If it's used, seems some work will be required to measure the true (and
practical) impact.
>On Tue, Jun 10, 2003 at 01:31:32PM +0200, Mike Galbraith wrote:
> > figure out a way to do something ~similar. (ala perfect is the enemy of
> > good mantra).
>
>\vomit{Next you'll be telling me worse is better.}
That's an unearned criticism.
Timeslice management is currently an approximation. IFF the approximation
is good enough, it will/must out perform pedantic bean-counting. Current
timeslice management apparently isn't quite good enough, so I'm trying to
find a way to increase it's informational content without the (in general
case useless) overhead of attempted perfection. I'm failing miserably btw ;-)

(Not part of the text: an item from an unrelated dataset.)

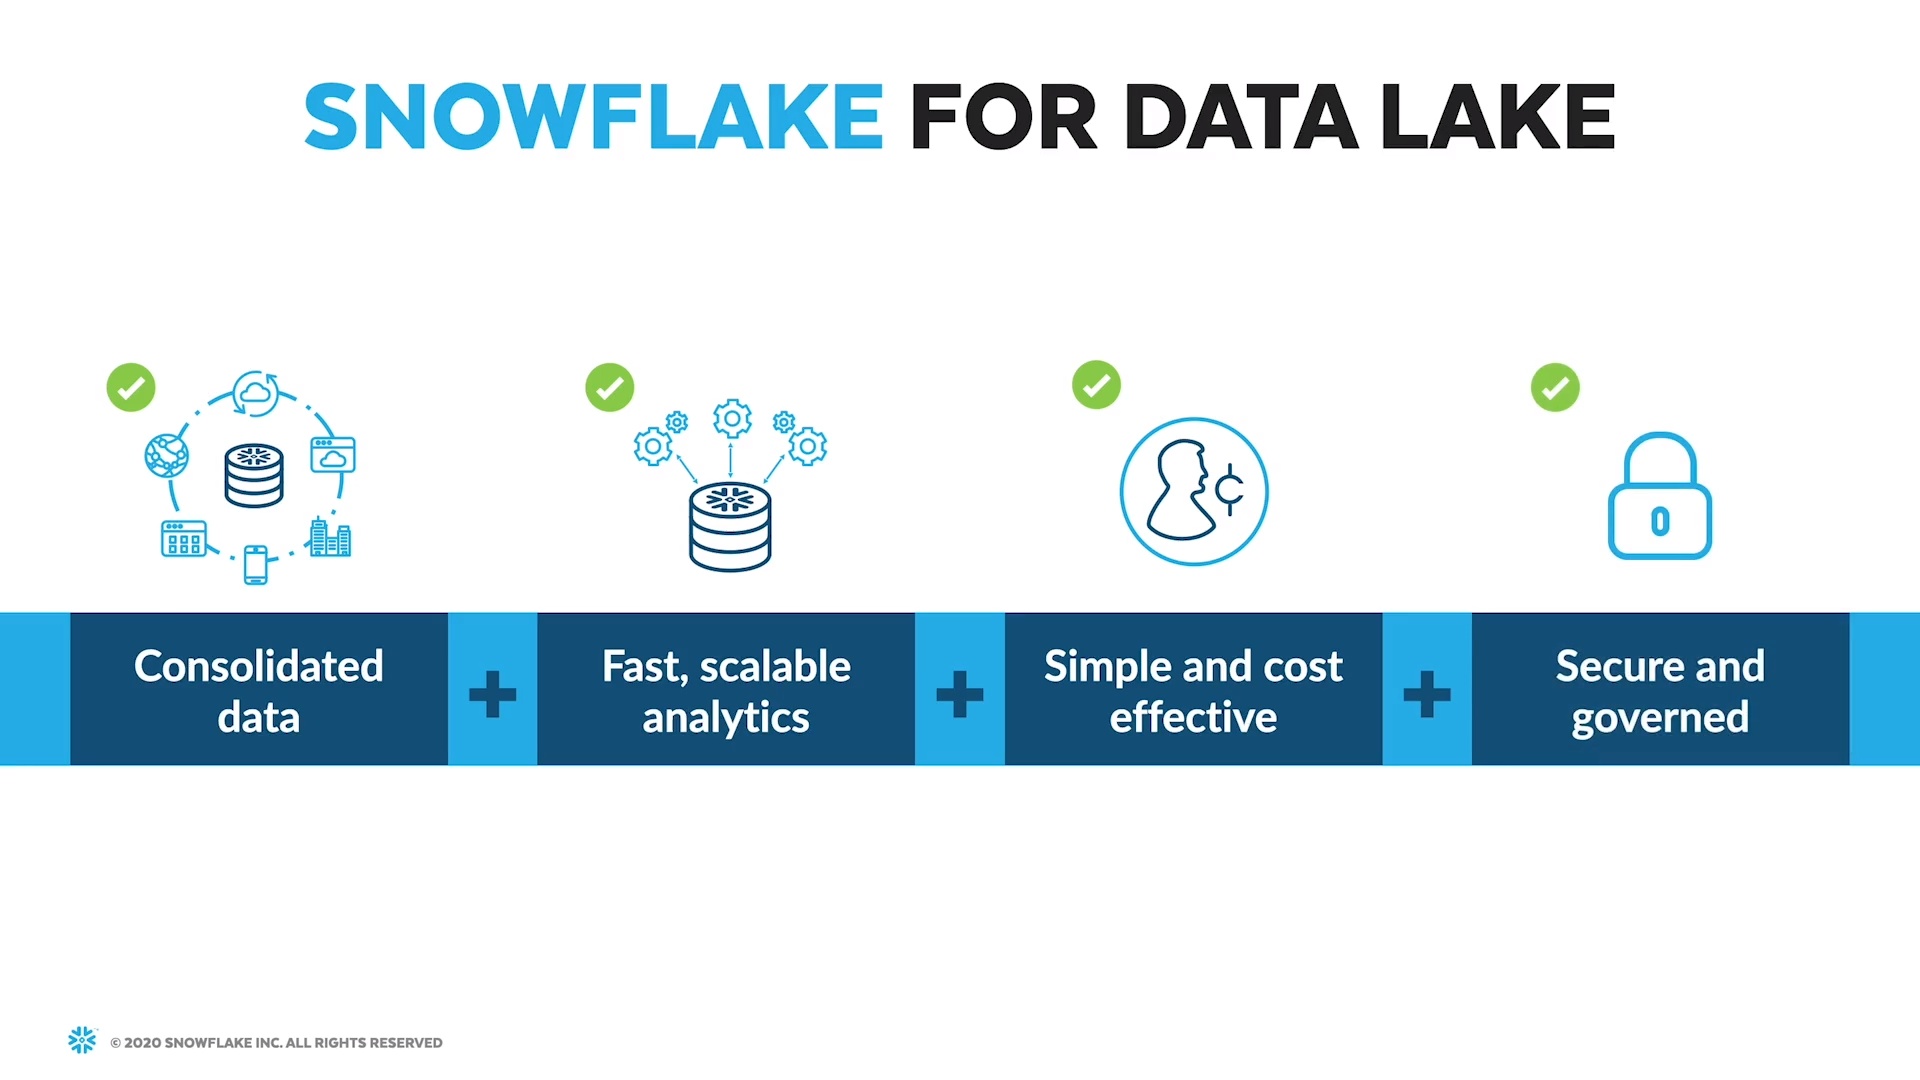 Enhancing Data Access And Performance With Snowflake Data Lake

>On Tue, Jun 10, 2003 at 01:31:32PM +0200, Mike Galbraith wrote:
> > wrt pit, yeah, that diff won't work if you don't have a tsc. If something
> > like it were used, it'd have to have ifdefs to continue using
> > jiffies. (the other option being only presentable on April 1:)
>
>The issue is the driver returning garbage; not having as good of
>precision from hardware is no fault of the method. I'd say timer_pit
>should just return jiffies converted to nanoseconds.
That's the option that I figured was April 1 material, because of the
missing precision. If it could be made (somehow that I don't understand)

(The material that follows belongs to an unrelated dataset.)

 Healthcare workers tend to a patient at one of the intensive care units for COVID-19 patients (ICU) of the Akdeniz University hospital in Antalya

to produce a reasonable approximation of a high resolution clock, sure.
>Also, I posted the "thud" fix earlier in this thread in addition to the
>monotonic_clock() bits. AFAICT it mitigates (or perhaps even fixes) an
>infinite priority escalation scenario.
(yes, mitigates... maybe cures with round down, not really sure)

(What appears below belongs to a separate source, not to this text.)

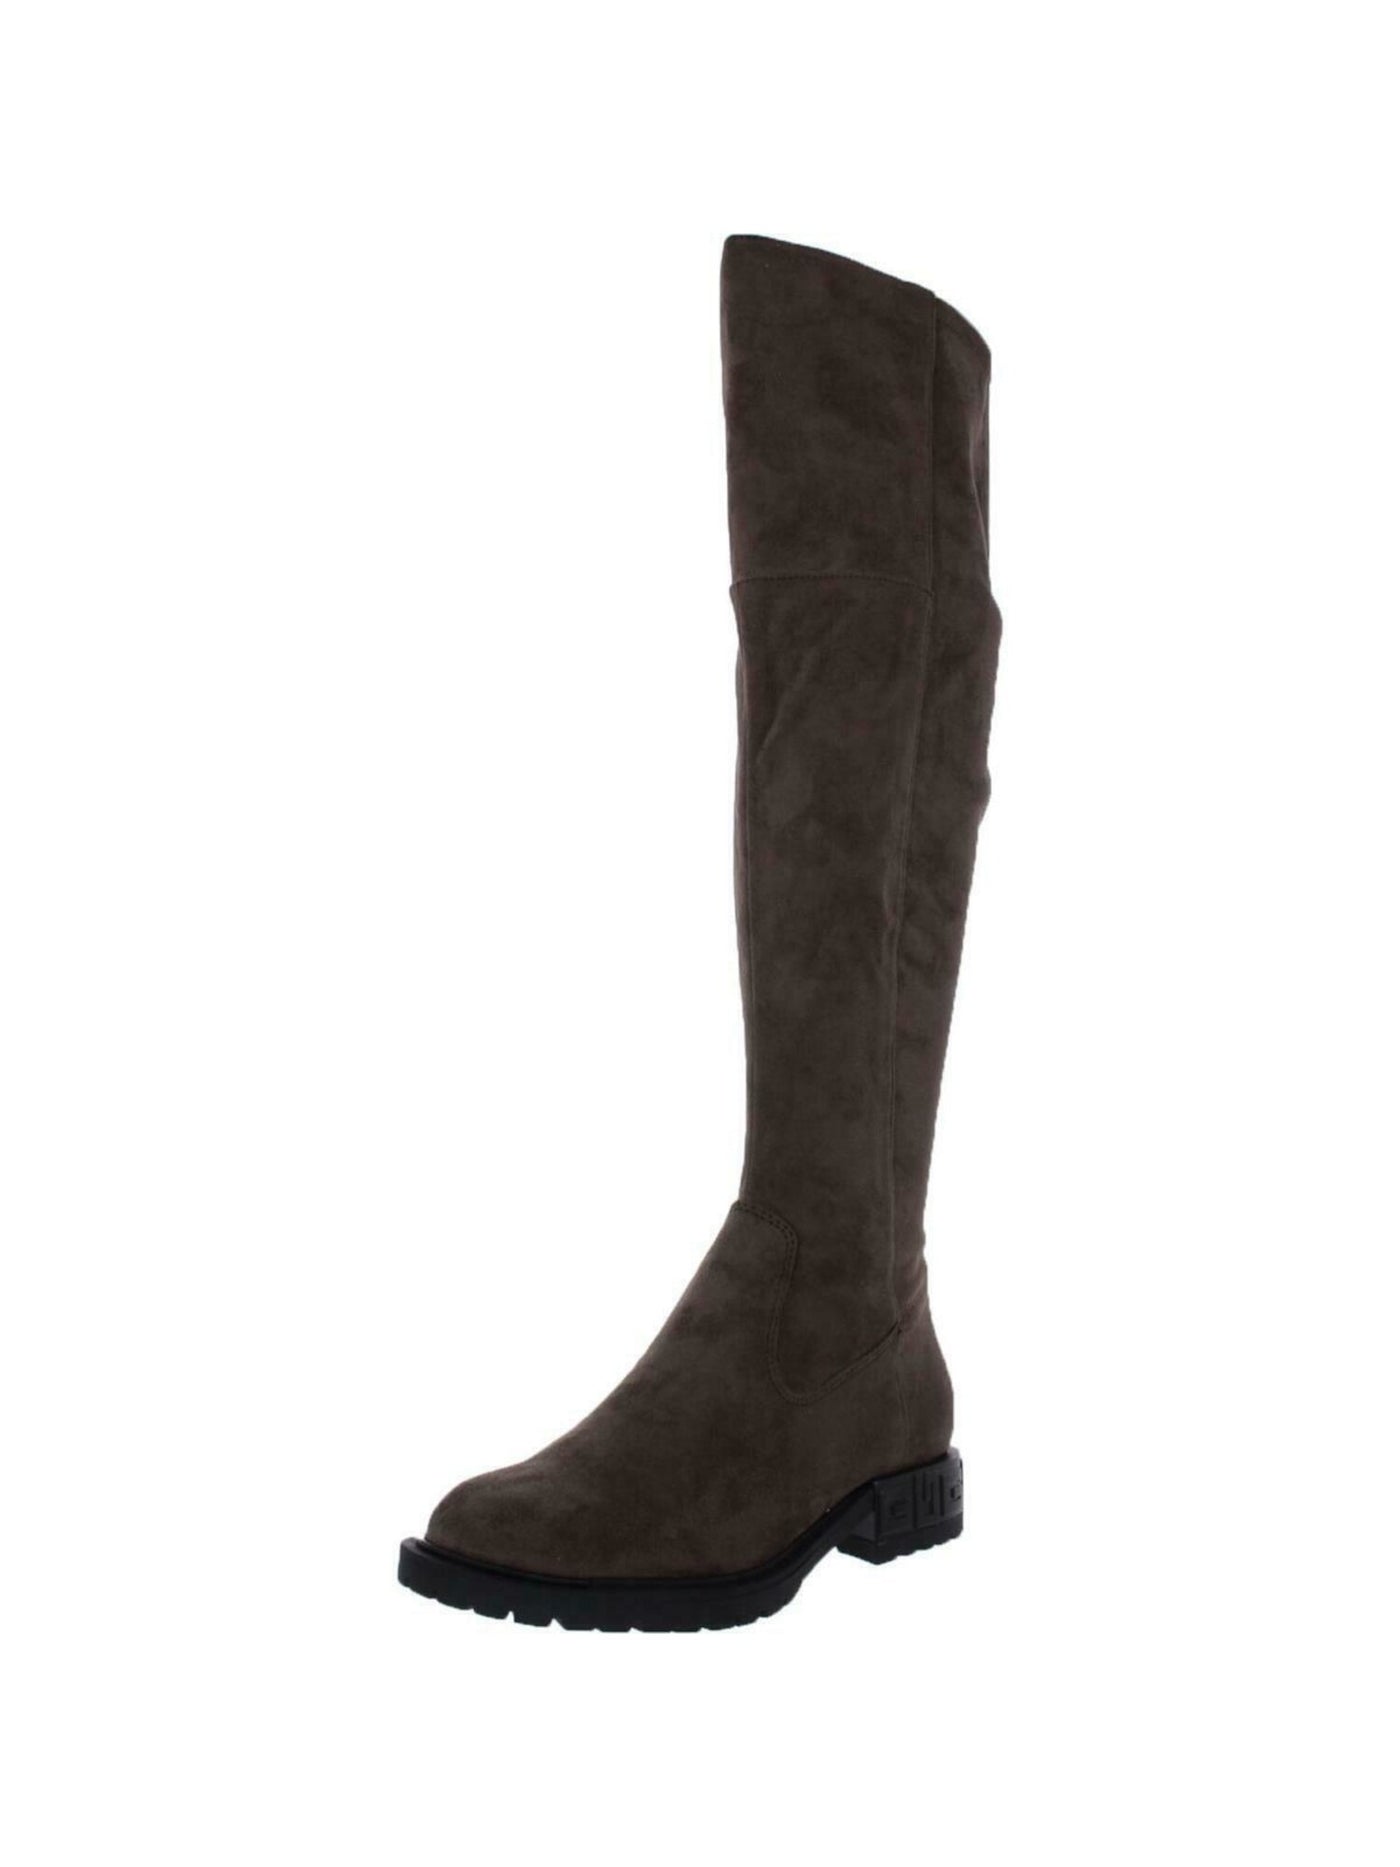 GUESS Womens Brown Cushioned Stretch Almond Toe Block Heel Zip-Up Boots Shoes 5

Couple that change with reintroduction of backboost to offset some of it's
other effects and a serious reduction of CHILD_PENALTY and you'll have a
very snappy desktop. However, there is another side of the
equation. Large instantaneous variance in sleep_avg/prio also enables the
scheduler to react quickly such that tasks which were delayed for whatever
reason rapidly get a chance collect their ticks and catch up. It can and
does cause perceived unfairness... which is in reality quite fair. It's
horrible for short period concurrency, but great for long period
throughput. AFAIKT, it's a hard problem.